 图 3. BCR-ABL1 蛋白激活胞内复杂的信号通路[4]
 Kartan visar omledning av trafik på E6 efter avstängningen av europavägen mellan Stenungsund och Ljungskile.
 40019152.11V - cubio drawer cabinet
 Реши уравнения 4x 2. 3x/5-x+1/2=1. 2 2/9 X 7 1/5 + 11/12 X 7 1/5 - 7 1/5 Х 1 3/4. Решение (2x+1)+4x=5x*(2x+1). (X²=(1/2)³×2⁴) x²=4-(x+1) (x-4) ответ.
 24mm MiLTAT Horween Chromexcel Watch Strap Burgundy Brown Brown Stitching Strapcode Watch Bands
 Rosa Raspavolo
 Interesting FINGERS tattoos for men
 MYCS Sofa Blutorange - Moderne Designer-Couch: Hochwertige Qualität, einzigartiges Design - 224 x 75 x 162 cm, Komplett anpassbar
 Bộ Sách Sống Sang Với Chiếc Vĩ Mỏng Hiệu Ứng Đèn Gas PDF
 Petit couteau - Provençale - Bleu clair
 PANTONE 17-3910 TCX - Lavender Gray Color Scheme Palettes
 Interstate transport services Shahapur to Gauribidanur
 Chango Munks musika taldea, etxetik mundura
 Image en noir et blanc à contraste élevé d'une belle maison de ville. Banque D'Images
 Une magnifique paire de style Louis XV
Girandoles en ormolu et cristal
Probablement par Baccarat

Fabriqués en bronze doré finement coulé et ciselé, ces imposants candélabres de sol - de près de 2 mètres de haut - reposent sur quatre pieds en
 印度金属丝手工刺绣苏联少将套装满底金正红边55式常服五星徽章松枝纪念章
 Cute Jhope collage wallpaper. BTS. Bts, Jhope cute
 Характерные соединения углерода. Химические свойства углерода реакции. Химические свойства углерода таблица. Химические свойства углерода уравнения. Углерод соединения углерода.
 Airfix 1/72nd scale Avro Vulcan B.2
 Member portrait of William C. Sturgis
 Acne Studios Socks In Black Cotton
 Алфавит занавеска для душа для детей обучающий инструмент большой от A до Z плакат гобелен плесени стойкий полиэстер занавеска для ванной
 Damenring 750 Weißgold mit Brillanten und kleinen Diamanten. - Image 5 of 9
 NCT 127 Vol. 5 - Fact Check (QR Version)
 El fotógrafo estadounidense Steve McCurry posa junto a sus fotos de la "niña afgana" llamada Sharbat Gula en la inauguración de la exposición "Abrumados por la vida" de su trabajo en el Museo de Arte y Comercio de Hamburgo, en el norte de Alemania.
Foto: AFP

···

# PROBLEM TO WORK ON:
In the entries above, find each line containing the string "Image" and copy it.

# TASK RESPONSE:
 Image en noir et blanc à contraste élevé d'une belle maison de ville. Banque D'Images
 Damenring 750 Weißgold mit Brillanten und kleinen Diamanten. - Image 5 of 9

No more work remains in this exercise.